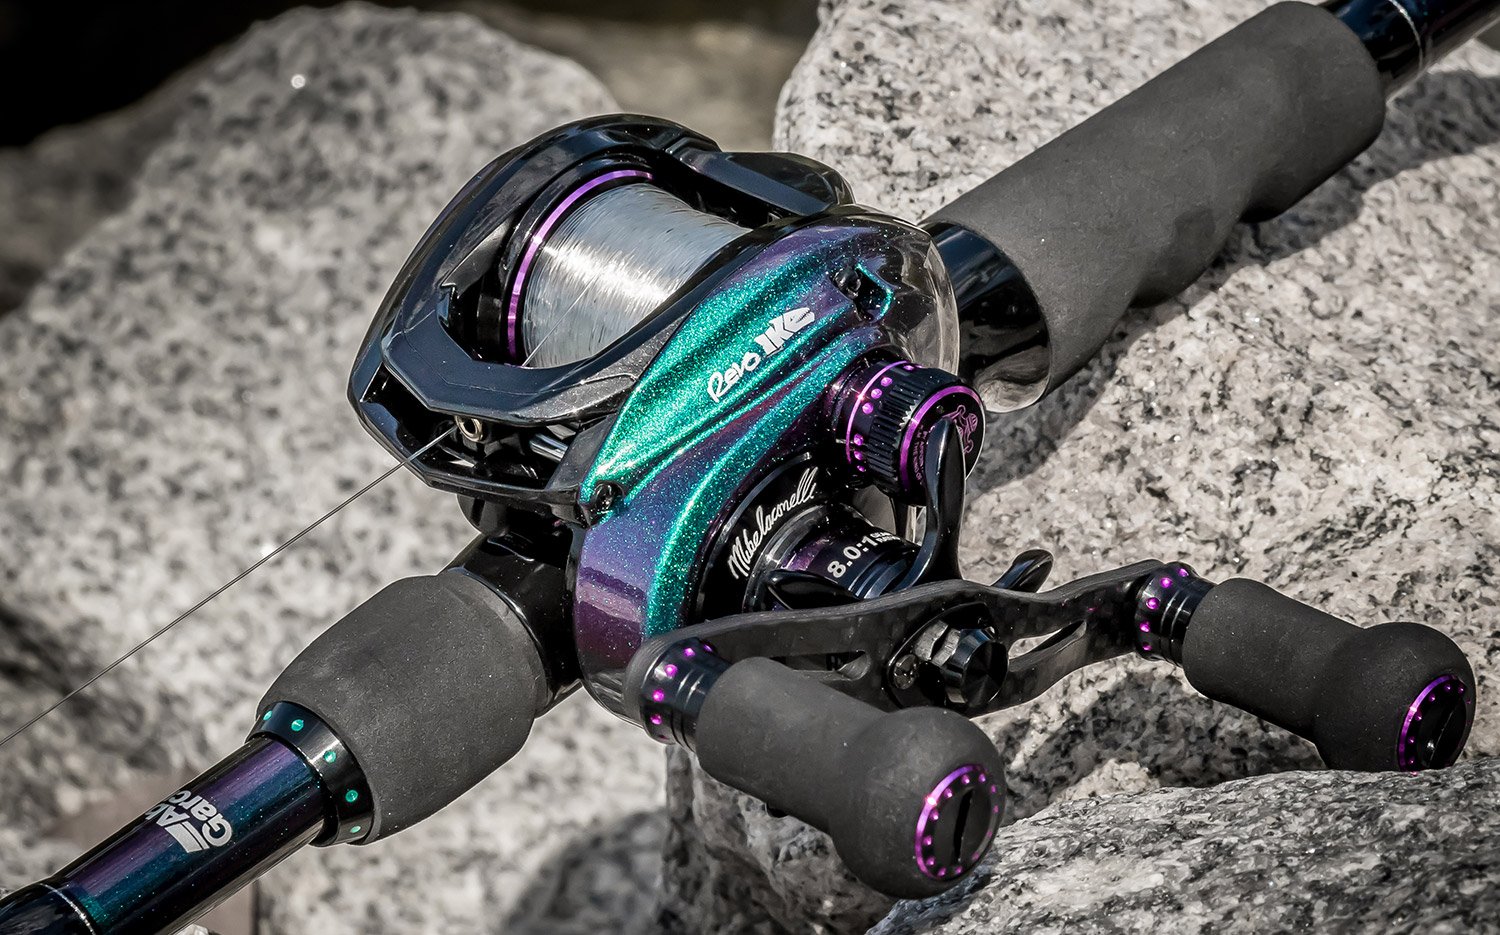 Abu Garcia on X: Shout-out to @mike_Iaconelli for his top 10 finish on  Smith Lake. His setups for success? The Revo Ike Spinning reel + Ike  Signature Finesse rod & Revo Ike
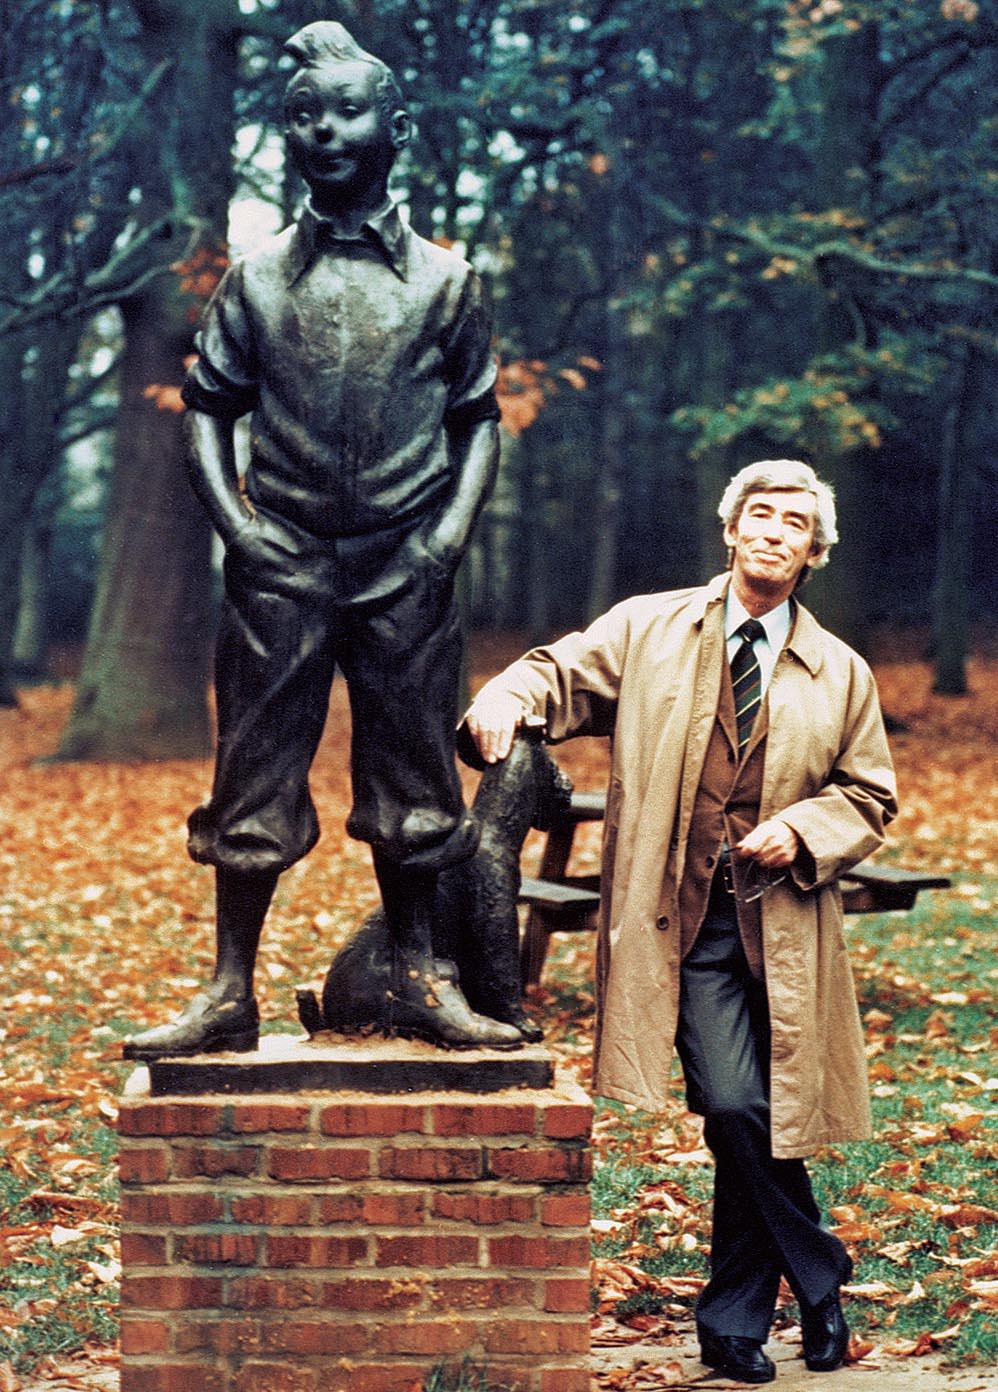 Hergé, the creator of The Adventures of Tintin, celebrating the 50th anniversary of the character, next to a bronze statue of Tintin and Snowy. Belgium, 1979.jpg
--
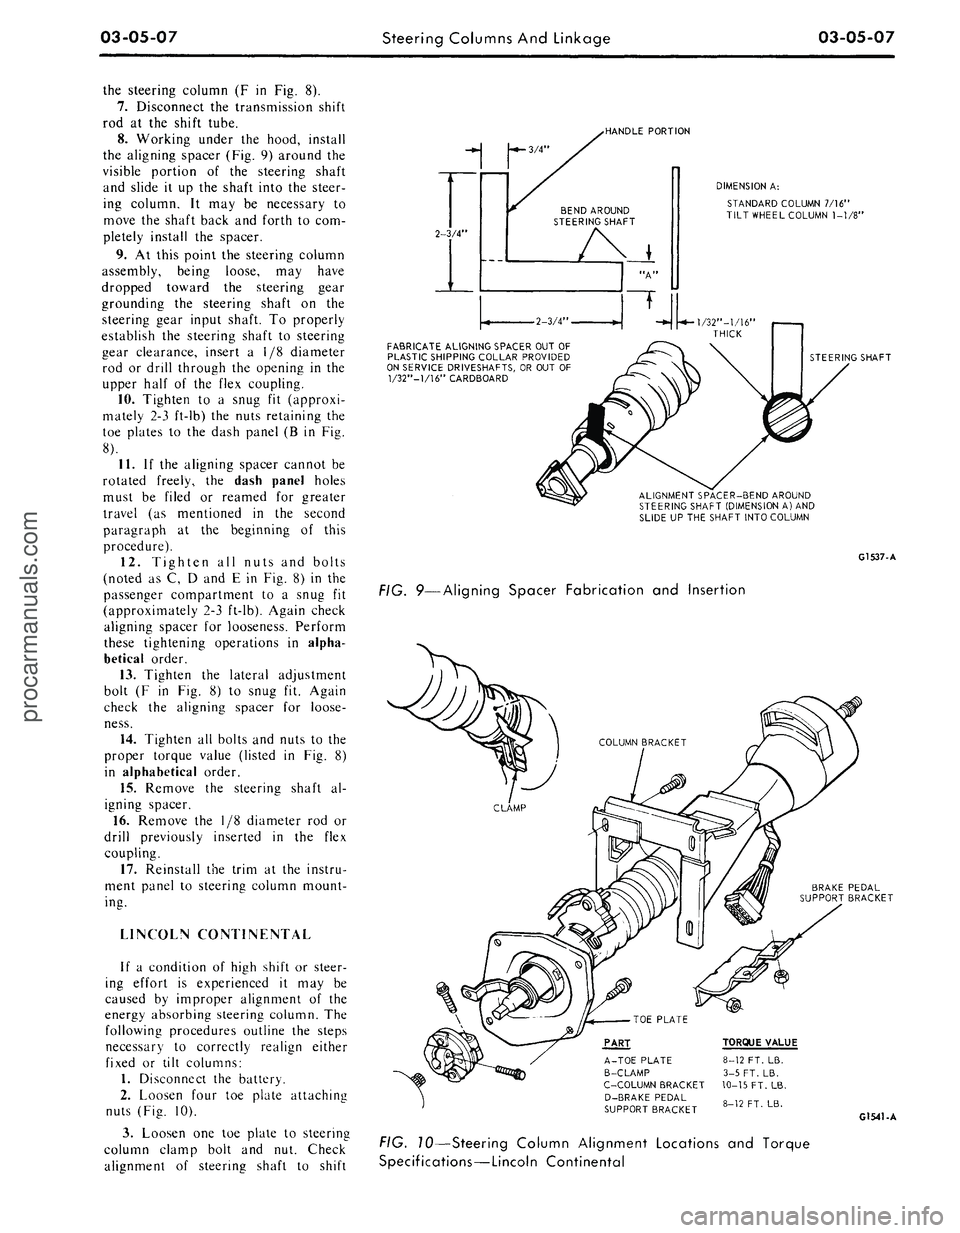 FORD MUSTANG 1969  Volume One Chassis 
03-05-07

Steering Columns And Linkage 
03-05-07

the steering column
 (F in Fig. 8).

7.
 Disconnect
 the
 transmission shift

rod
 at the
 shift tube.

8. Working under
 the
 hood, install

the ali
==
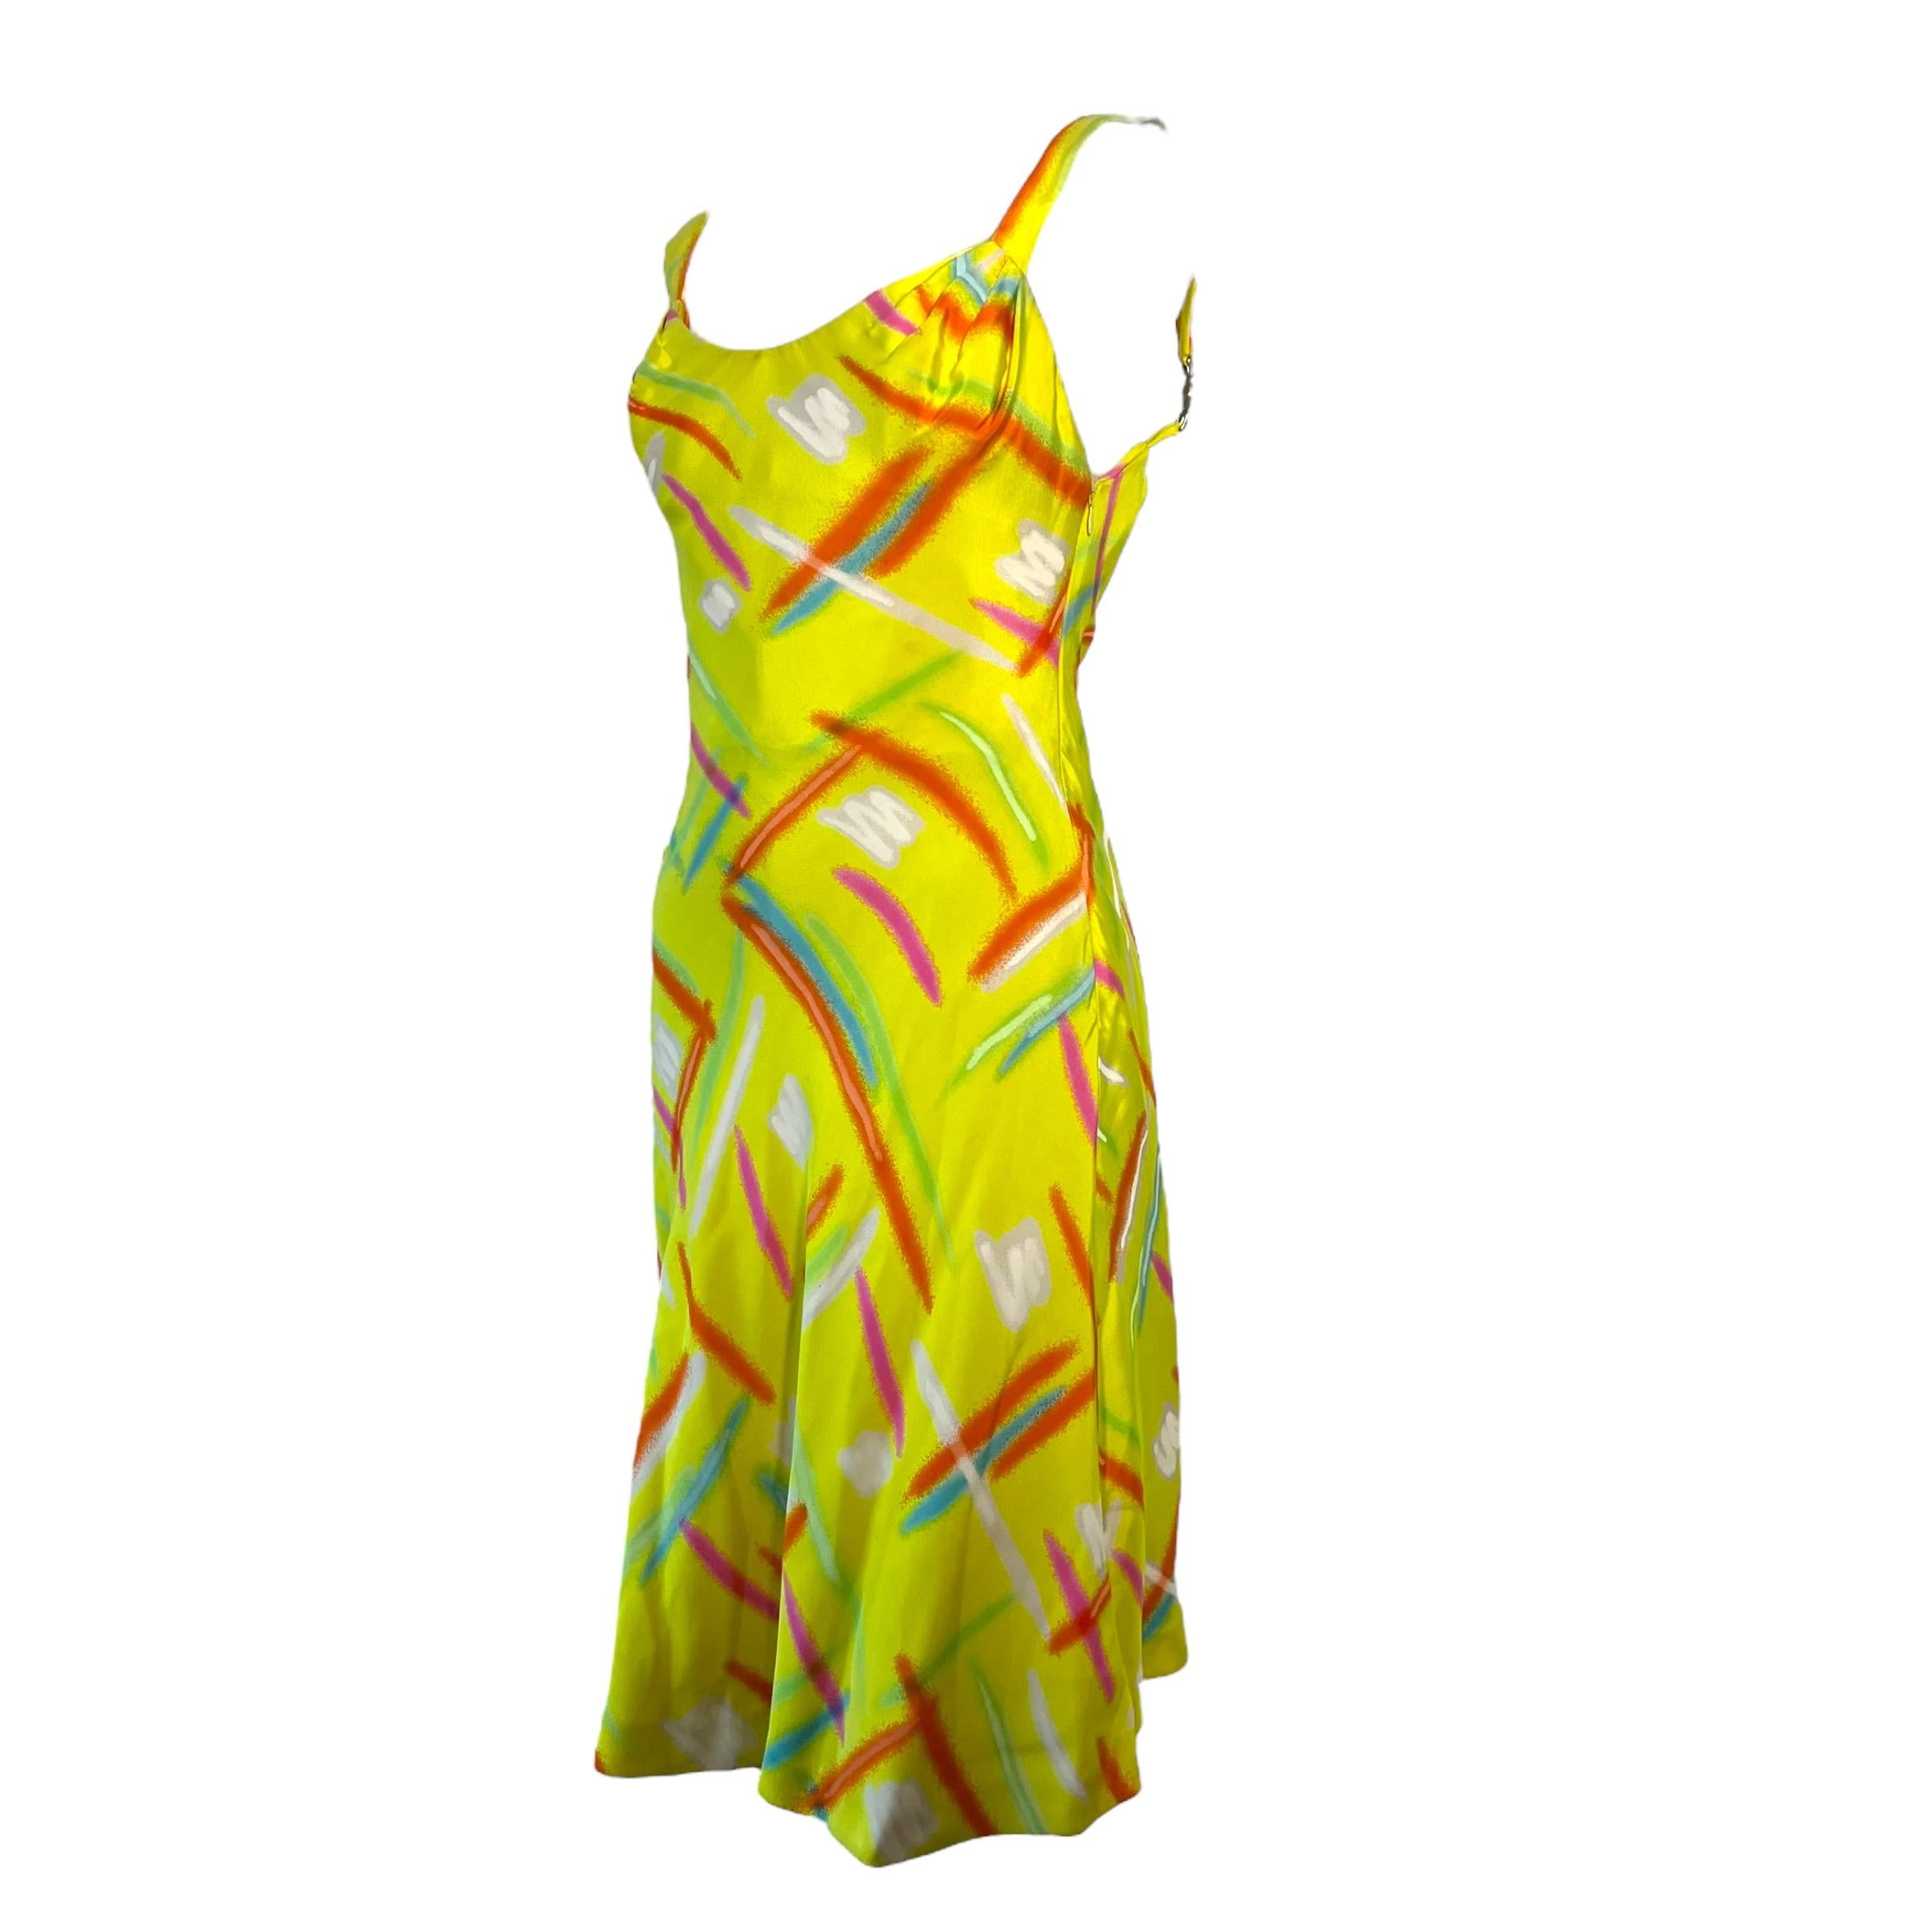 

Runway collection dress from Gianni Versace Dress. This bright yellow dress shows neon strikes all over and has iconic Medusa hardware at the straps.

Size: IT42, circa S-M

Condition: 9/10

*WHAT YOU SHOULD DO*
Reproduce exactly the lines of the records above from the one with "Runway collection dress" to the one with "Condition: 9/10", both included, and leave out everything else.

*EXERCISE ANSWER*
Runway collection dress from Gianni Versace Dress. This bright yellow dress shows neon strikes all over and has iconic Medusa hardware at the straps.

Size: IT42, circa S-M

Condition: 9/10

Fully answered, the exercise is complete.